I didn’t go to school to be a software developer. In fact, I started my undergrad degree as a mechanical engineering major with grand plans to work on the fuselages of tomorrow’s aircraft. When I fell out of love with the major, I was two years deep into school and didn’t want another four. I’d grown up around computers and loved using them, so I figured I’d work with computers in some capacity. My (mis)conception of computer science was having my ankle chained to a desk while I wrote lines of code for long hours and never saw another person during daylight. So I chose “information systems” for my plan B.

Somehow, because of one semester’s database class, I landed an internship as a PL/SQL developer at a state agency during my last year of school. The internship led to my first job as, again, a PL/SQL developer. Now this was hardly real software development. Writing and fixing a few stored procedures and performing a schload of ad hoc queries doesn’t really count, in my book. I learned a lot, and worked with a bunch of good folks, and I even tried to see if software was something I could get in to recreationally. After the 3rd try at Ruby on Rails, I was done. Zero motivation.

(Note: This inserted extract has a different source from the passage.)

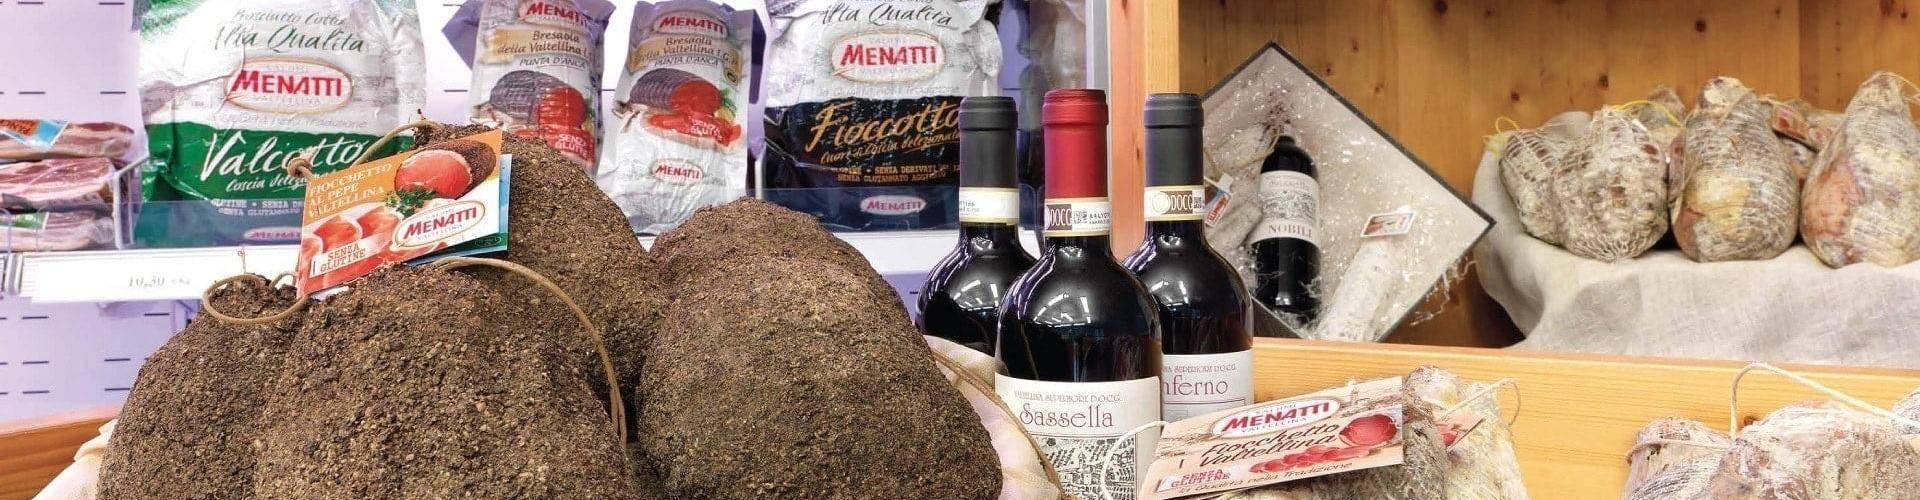 Spaccio Menatti in Valtellina a Piantedo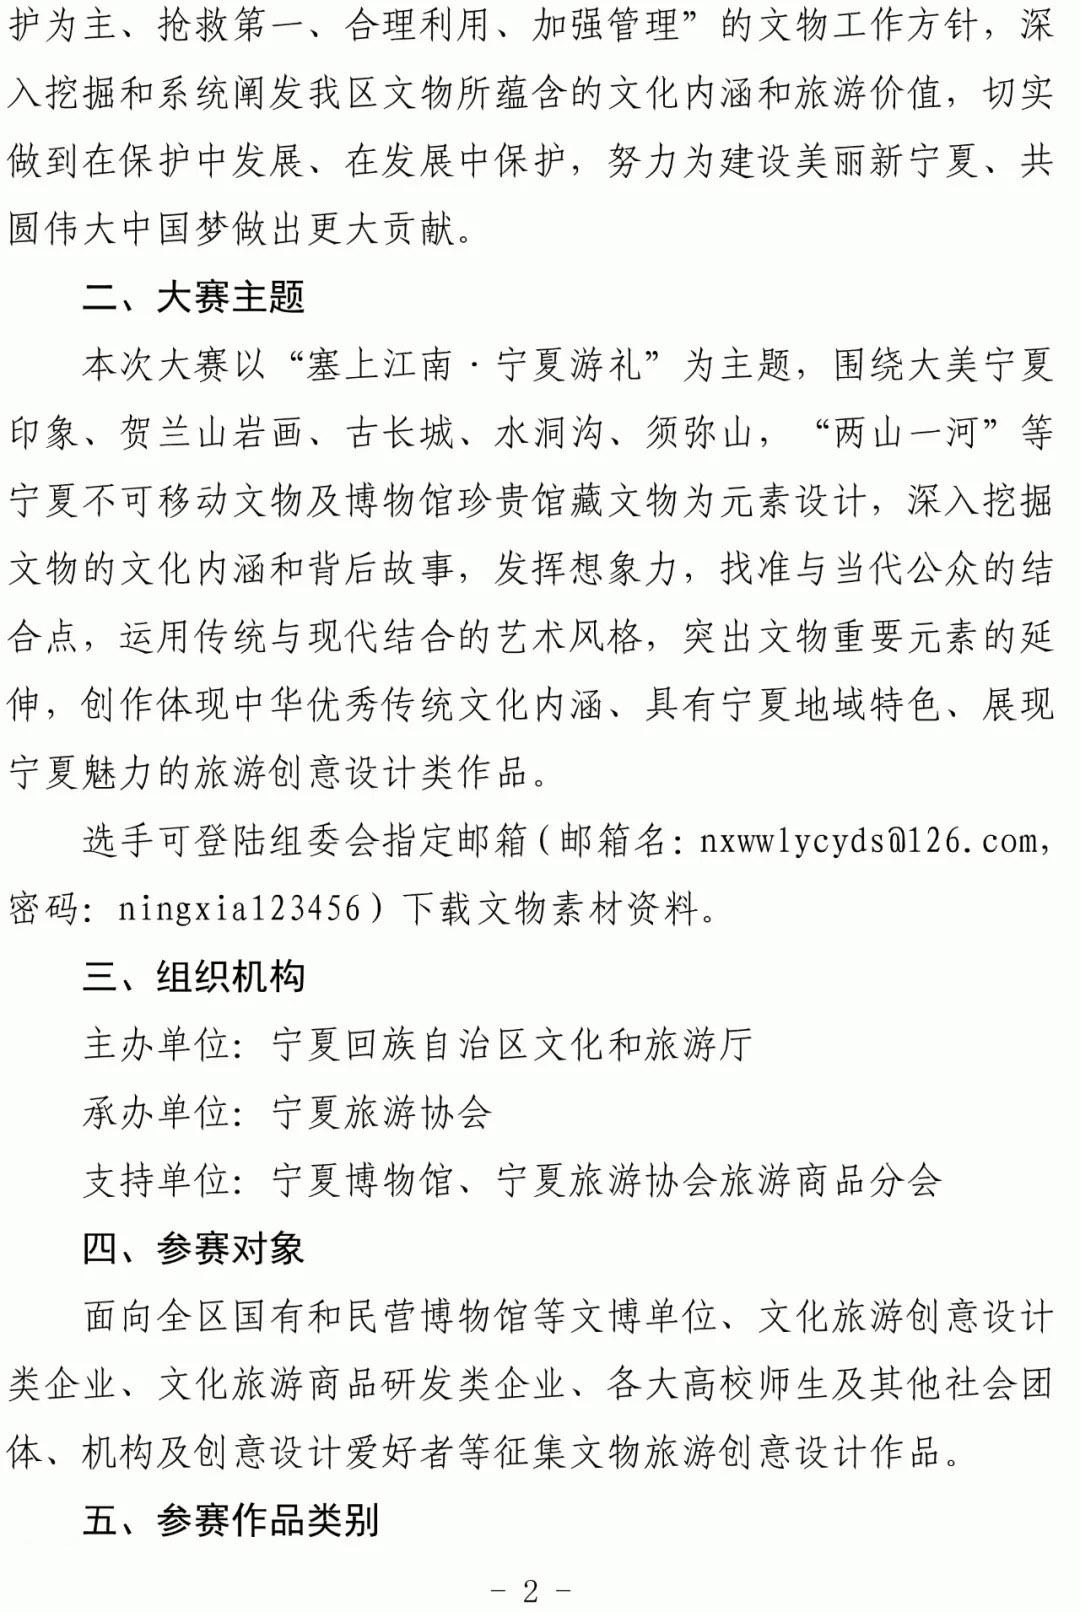 2019年寧夏文物旅遊創意大賽-02

A few years ago I switched jobs because I realized that I couldn’t take being even a watered-down software developer. It’s not because I couldn’t handle the work. But my apathy for that side of software certainly affected the quality of my work. I changed gears and took a job as a “business analyst” – a vague, super-business-y term that means “I HAVE PEOPLE SKILLS”.

You see, I still love software. I love finding and learning to use new programs. I don’t have automatic updates enabled on any of my platforms because I like to read the release notes and manually manage the installation process. I always RTFM because I like to know what an app can do. Even working for a software consultancy, I often find my self helping my coworkers with keyboard shortcuts and obscure menu items.

I don’t want to assemble the software, but because I love it and use it all the time, I sure do want to help make it better, and help make it easier for everybody else to use.

One thought on “Softweird

  1. That sounds exactly like the kind of job where I would excel. I need a change of scenery.